The second part of a literature review on the deportment of trace toxic elements in gold processing by cyanidation is presented. Part 1 of this review collated the relevant information on trace element mineralogy, aqueous solution chemistry and toxicity for lead, cadmium, mercury, arsenic, antimony, bismuth, selenium, and tellurium. This paper reviews the deportment of these elements during gold ore cyanidation (including carbon adsorption and elution) and tailings disposal. It also captures related information from the treatment of industrial wastes and wastewaters, including fixation and encapsulation processes that may be applicable to tailings generated from gold ore processing.

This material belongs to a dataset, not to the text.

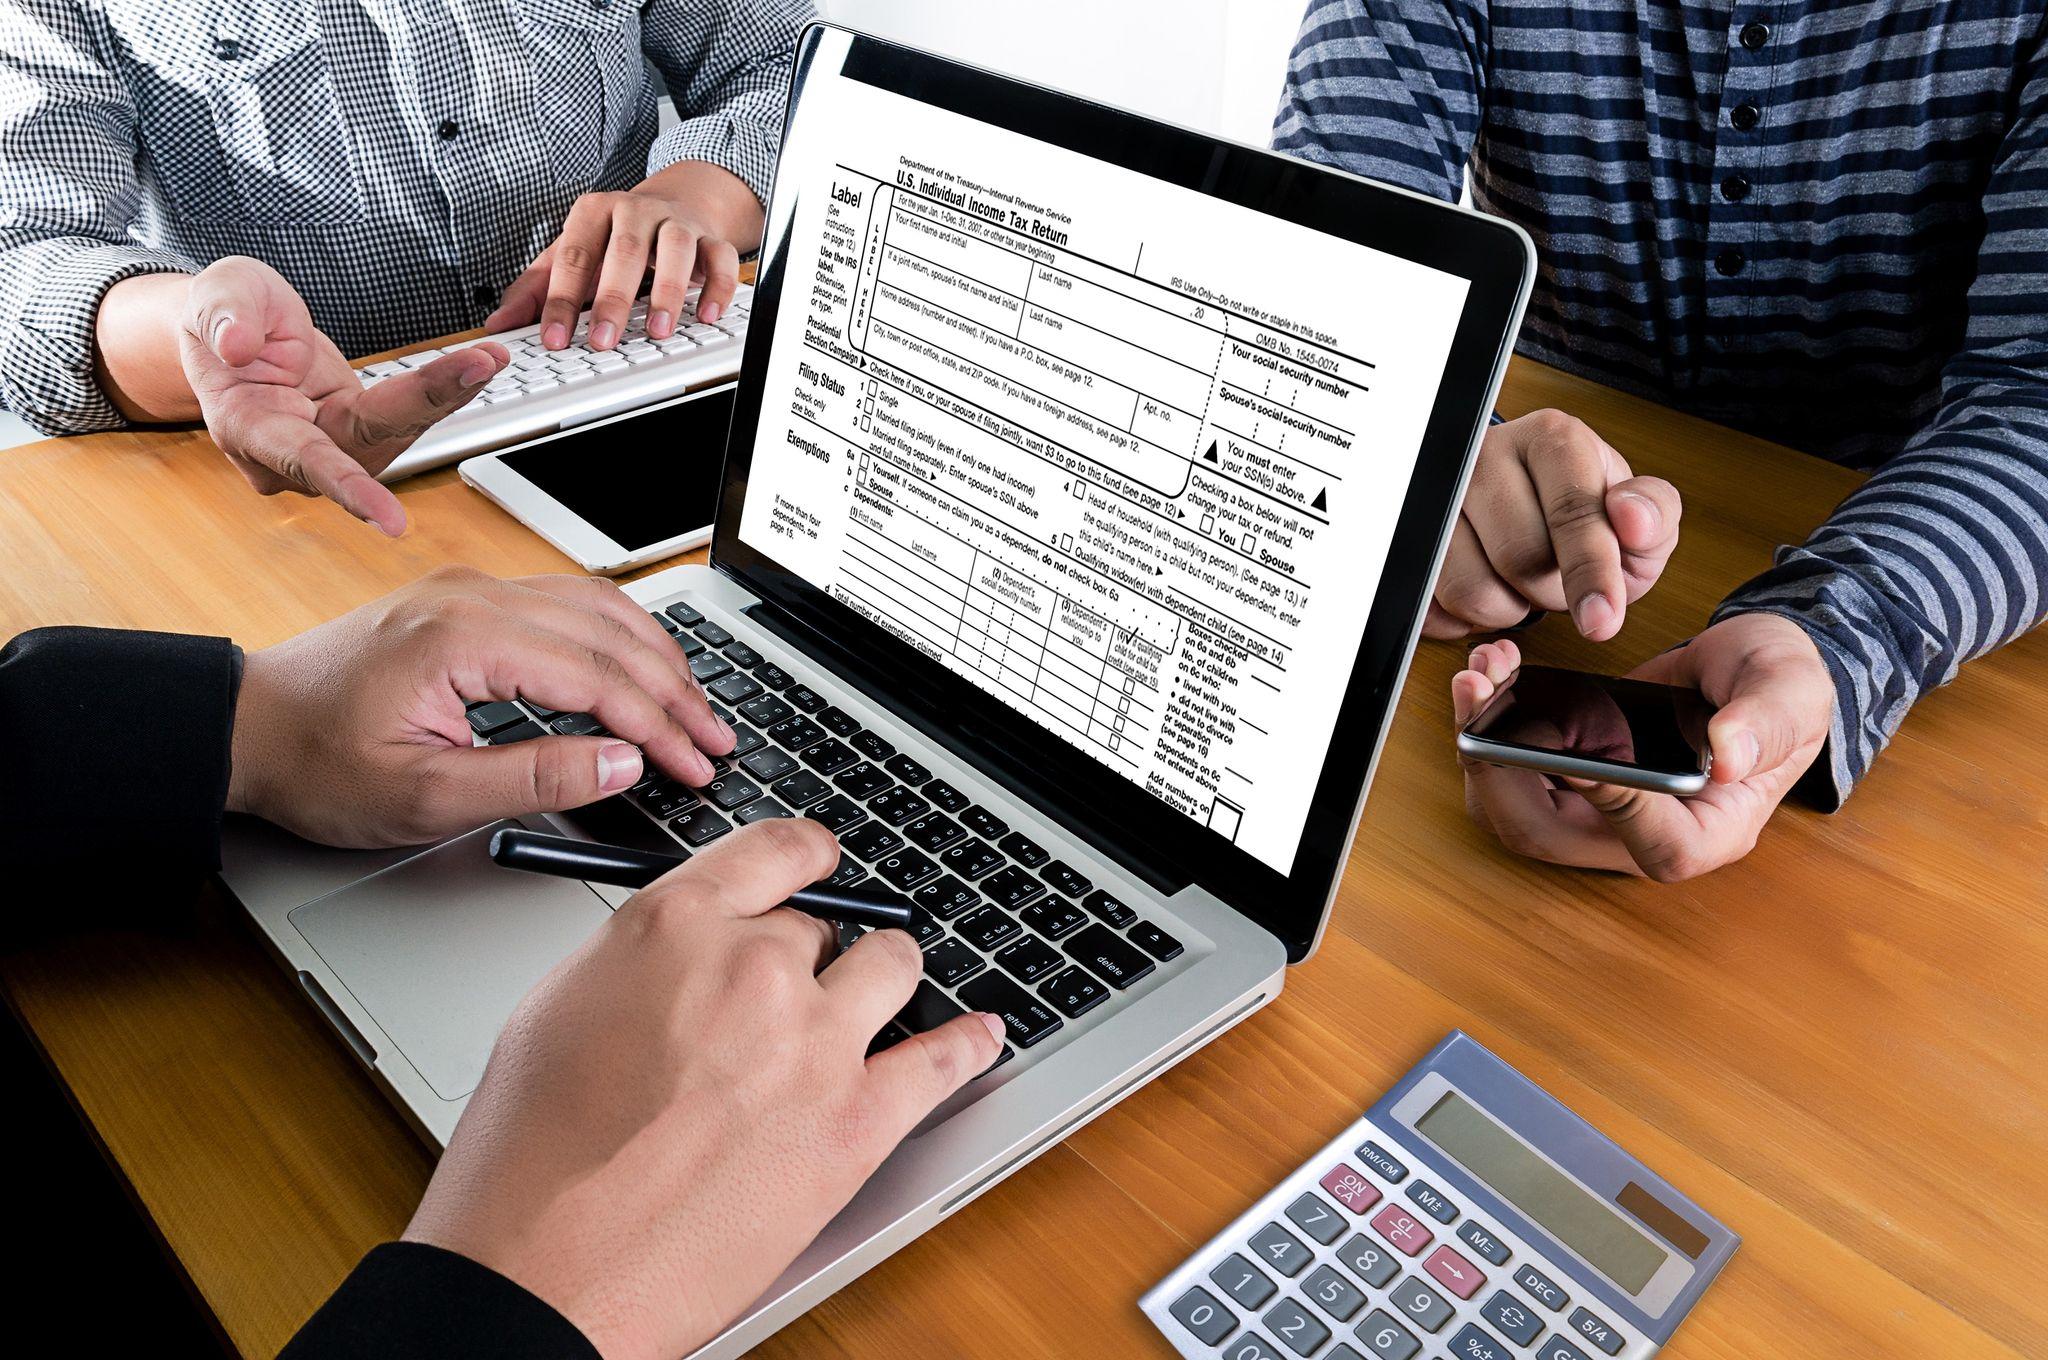 Noi clarificări referitoare la data intrării în vigoare a modificărilor aduse Codului fiscal
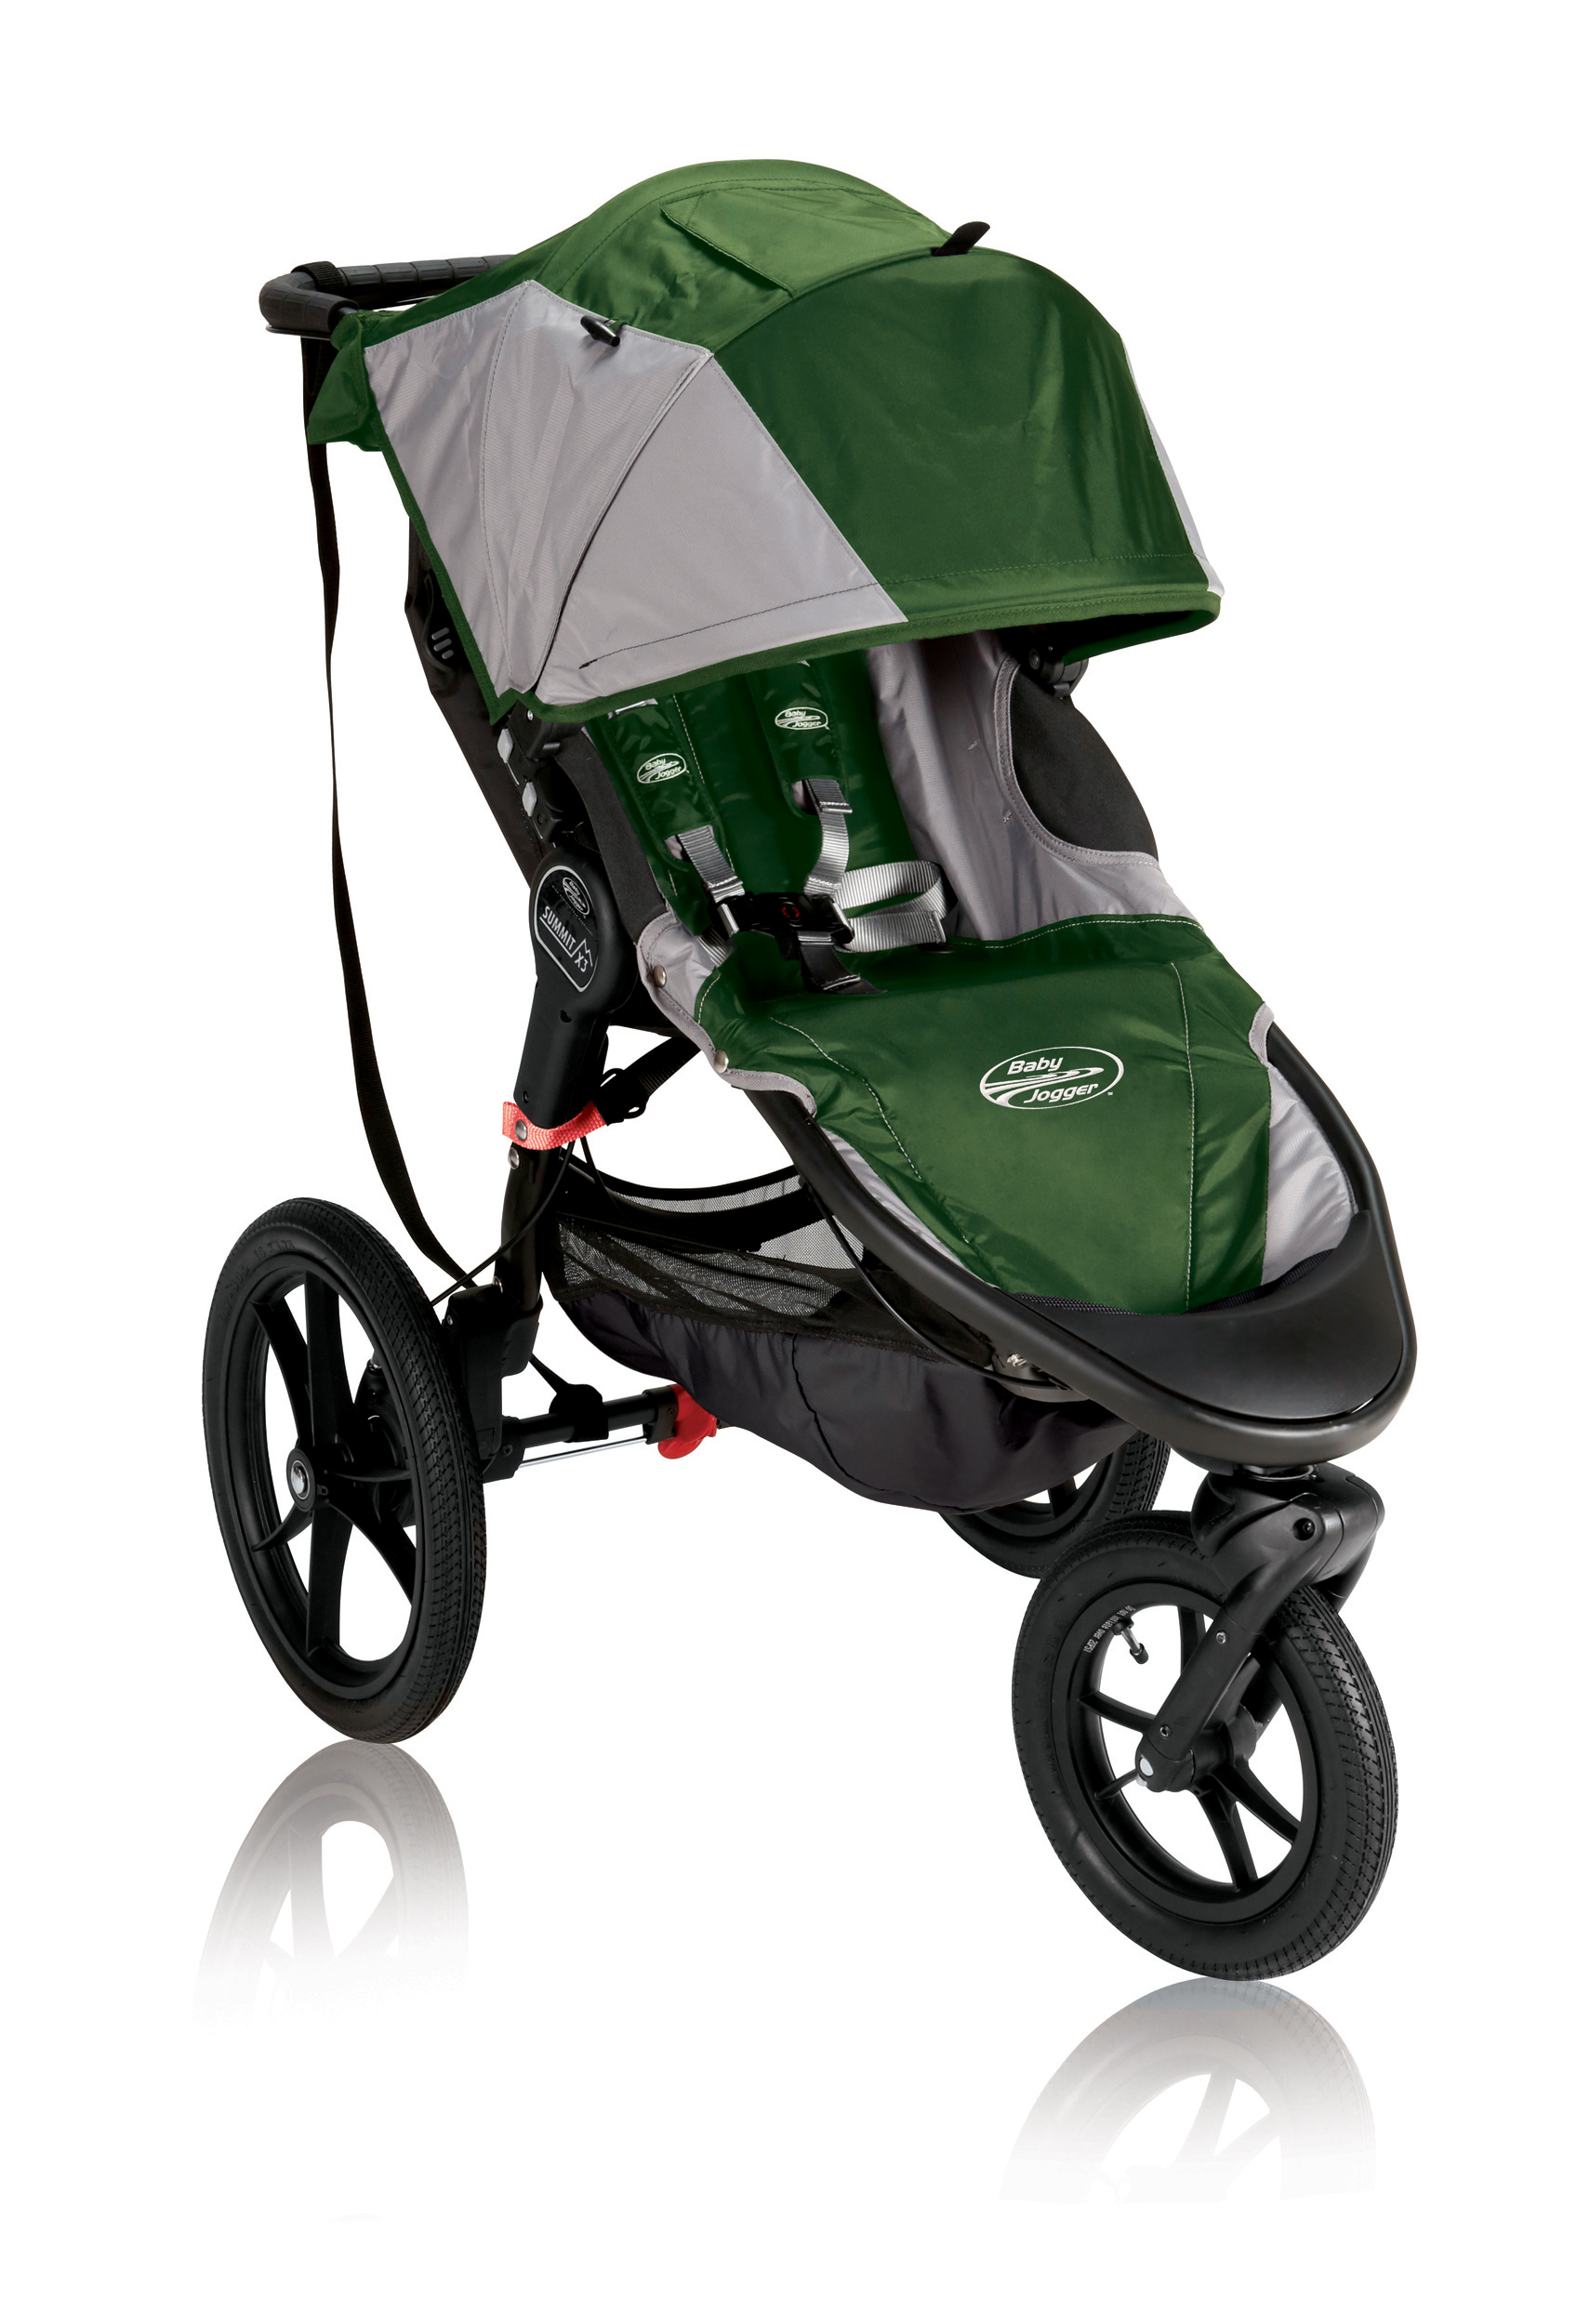 Baby Jogger Коляска беговая Summit X3 цвет зеленый серый - Коляски и аксессуары

The main findings were that only lead, cadmium and mercury form cyano complexes ranging from very weak (Pb) through moderate (Cd) to the strong mercuro complexes. The neutral cyano-complexes of cadmium and mercury strongly adsorb onto activated carbon and thus potentially deport to the gold recovery circuit and carbon regeneration kiln. The strong mercury cyano complexes will persist in tailings storage environments. Arsenic, antimony and bismuth do not form cyanide complexes. The less metallic of these (As and Sb) may form oxyanions and/or thioanions that consume oxygen and retard or prevent gold dissolution. They can be present in solution, including tailings solutions, at relatively high concentrations. Bismuth, being more metallic, remains in the solid phase as a sulfide or oxide during cyanidation. Depending on the redox potential in solution, selenium and tellurium form the oxyanions selenite and tellurite or selenate and tellurate in cyanide solutions. Selenium may form selenocyanate (SeCN-) in cyanide solutions, which is thermodynamically more stable than the oxyanions selenite and selenate. Tellurocyanate is unstable and does not form. The potential for adsorption of selenium or tellurium onto activated carbon is unknown, as is their persistence in tailings storage facilities.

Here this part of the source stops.